• [DATASET EXCERPTS]
-----

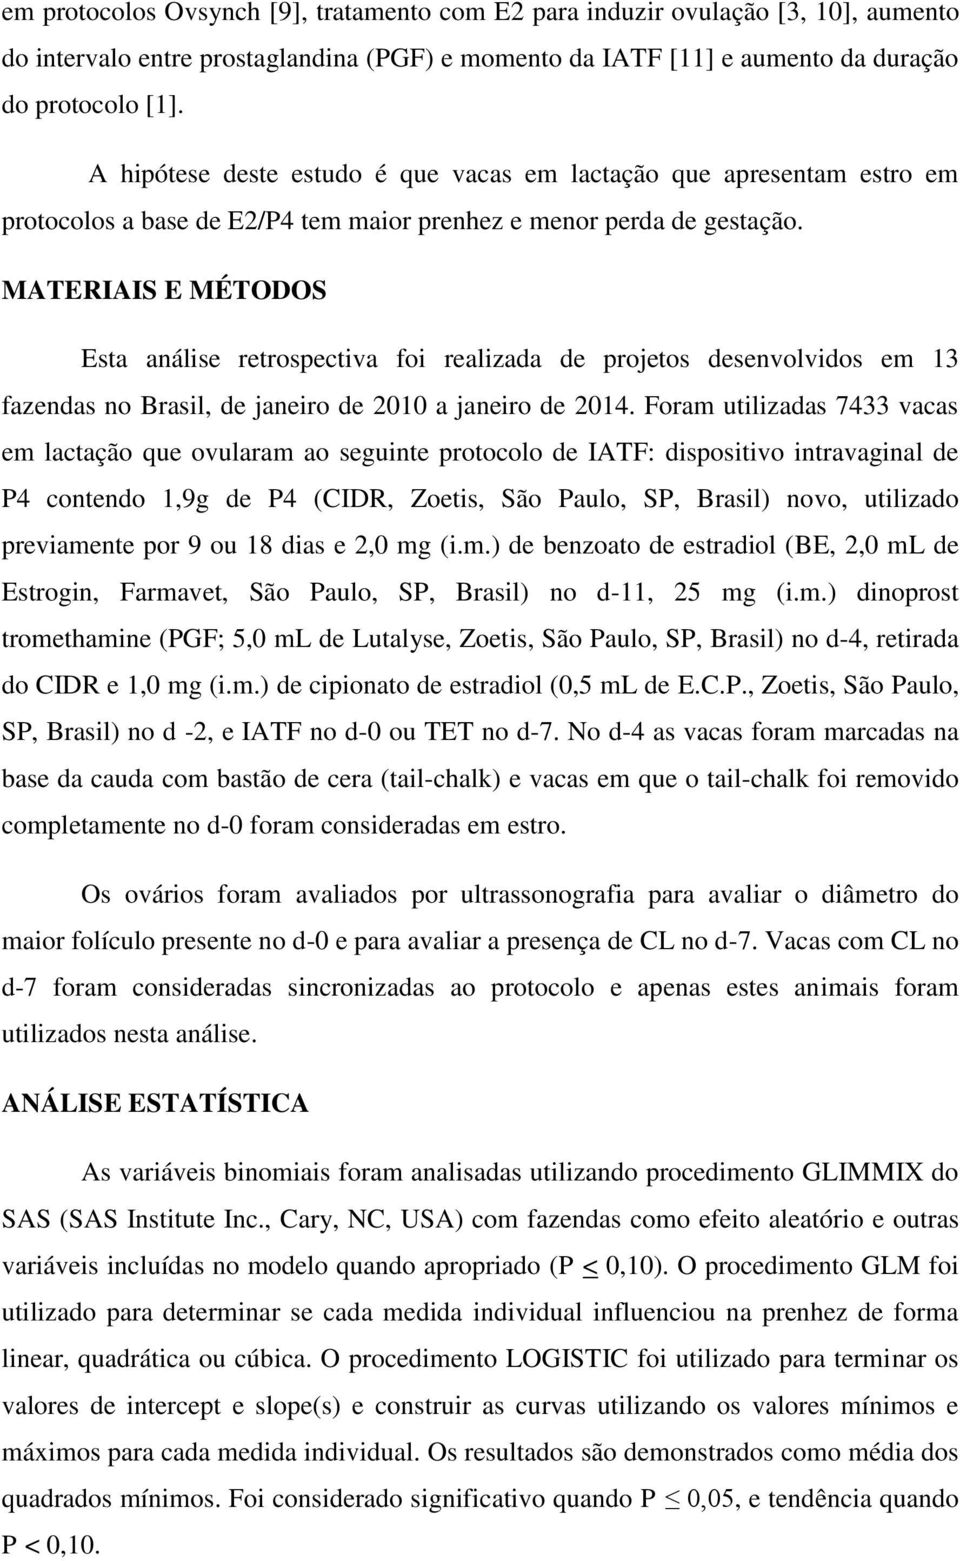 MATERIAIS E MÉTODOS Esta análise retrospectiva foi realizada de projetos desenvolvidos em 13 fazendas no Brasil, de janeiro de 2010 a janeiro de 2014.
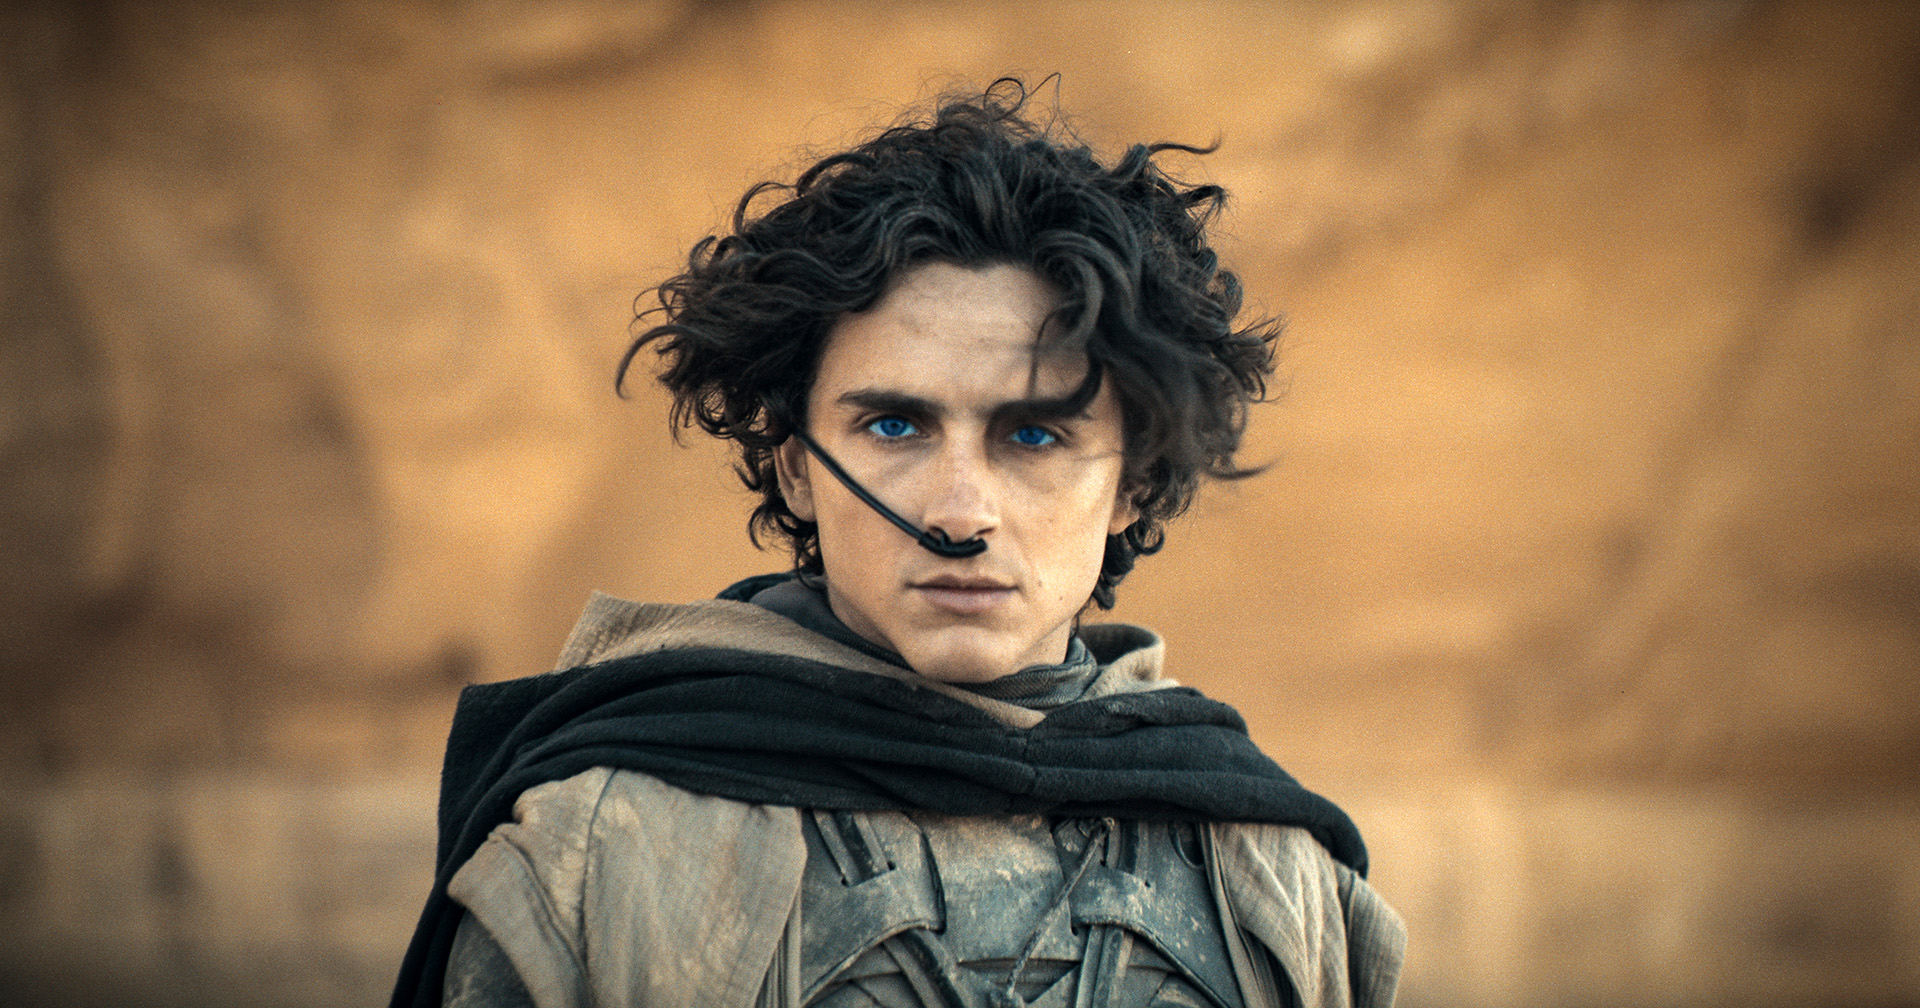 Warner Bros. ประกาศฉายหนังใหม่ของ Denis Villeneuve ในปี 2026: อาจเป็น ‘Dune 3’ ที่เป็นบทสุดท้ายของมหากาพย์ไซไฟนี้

-----

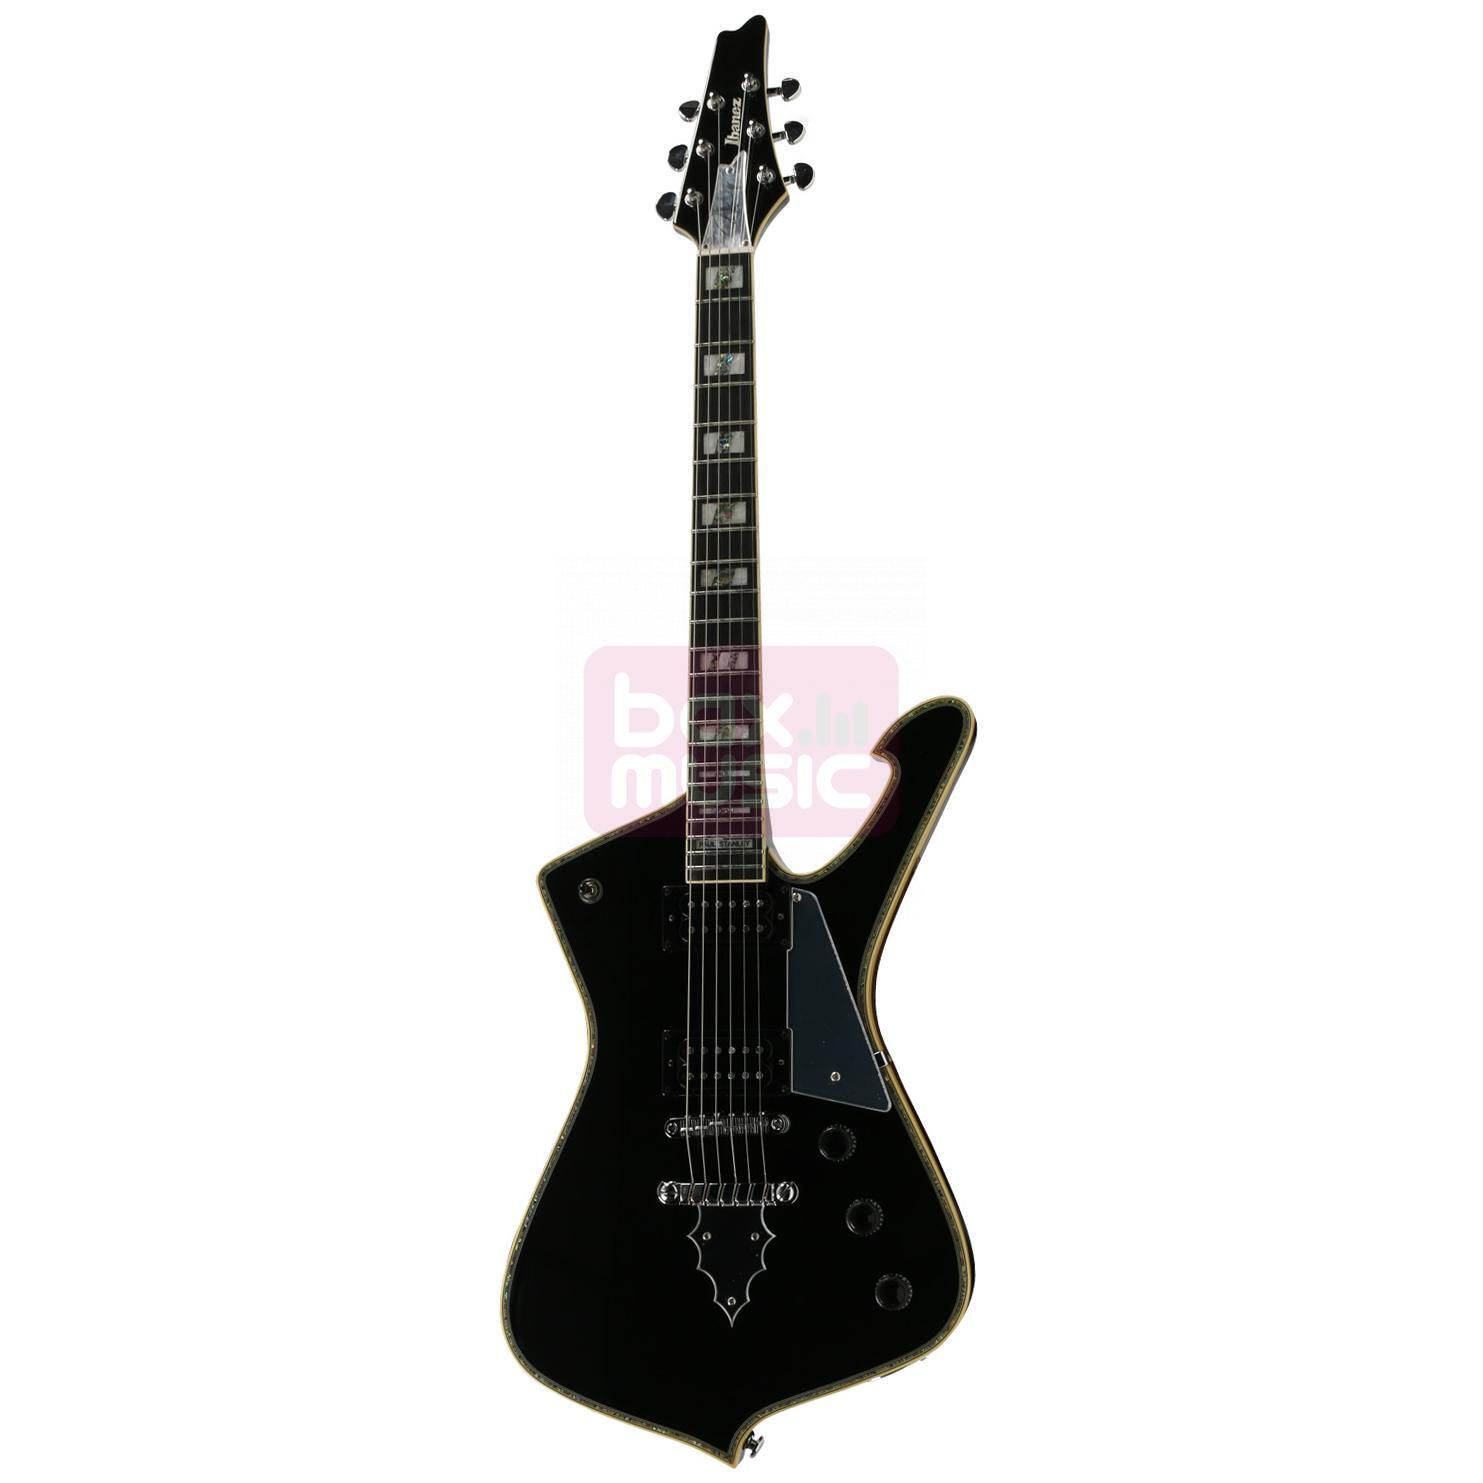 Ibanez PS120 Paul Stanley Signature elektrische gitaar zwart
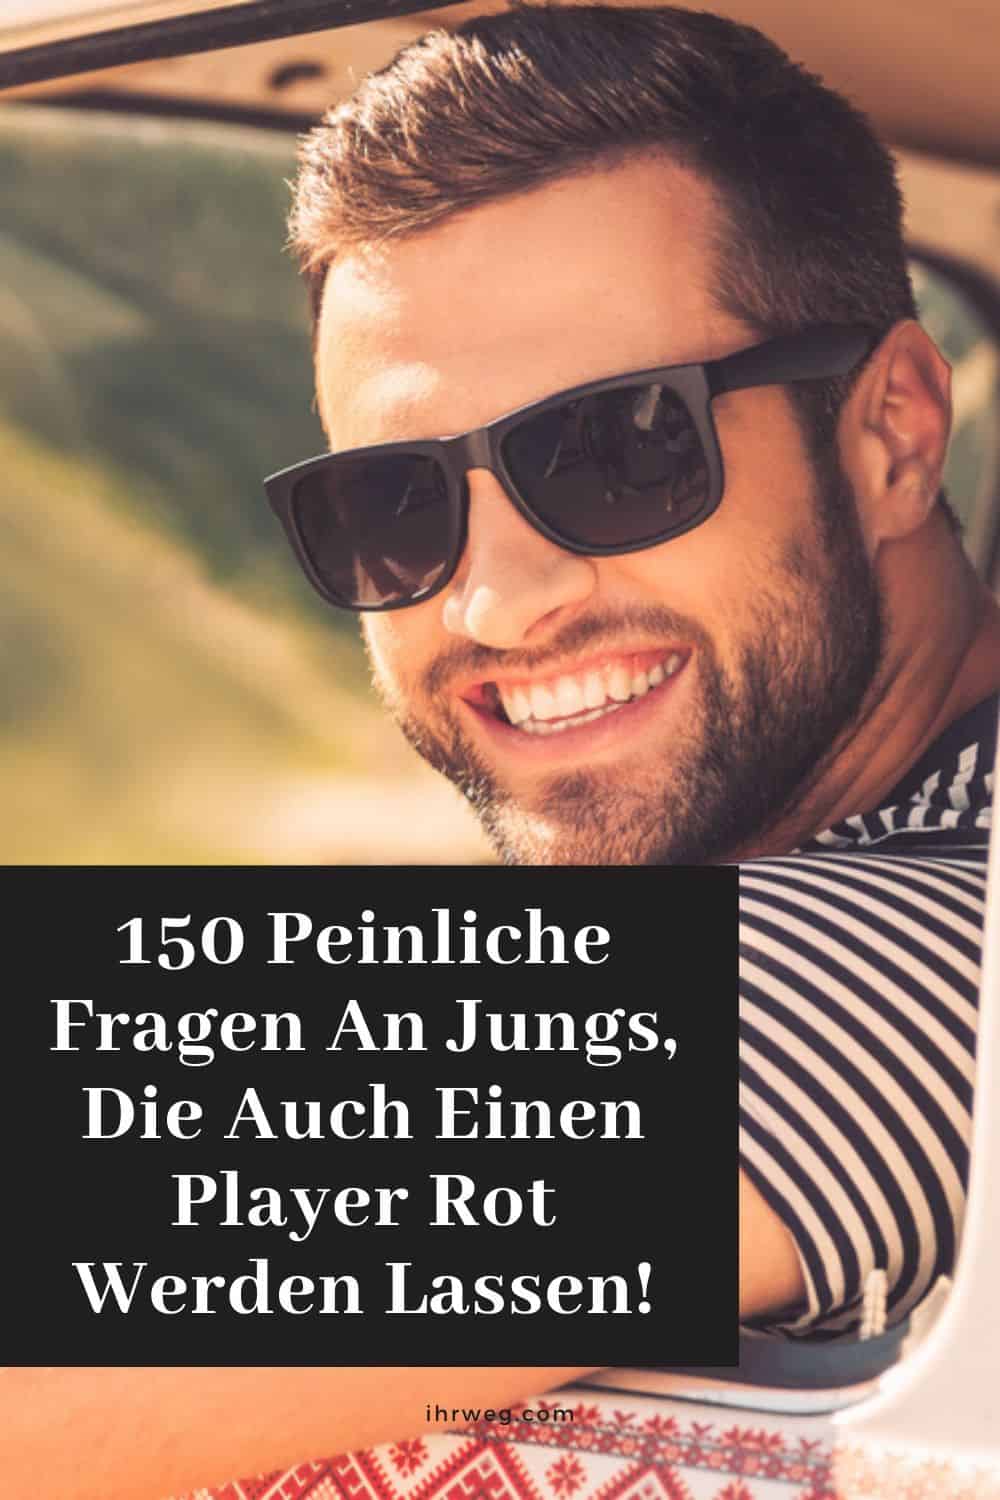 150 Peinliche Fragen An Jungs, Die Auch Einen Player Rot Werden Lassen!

-----

• [EXERCISE DESCRIPTION] Skipping the pictures, print the lines in the listing above exactly as written, starting at the line with "Ibanez PS120 Paul" and ending at the line with "150 Peinliche Fragen", both included.

• [RESULT FOR THIS EXERCISE]
 Ibanez PS120 Paul Stanley Signature elektrische gitaar zwart
 150 Peinliche Fragen An Jungs, Die Auch Einen Player Rot Werden Lassen!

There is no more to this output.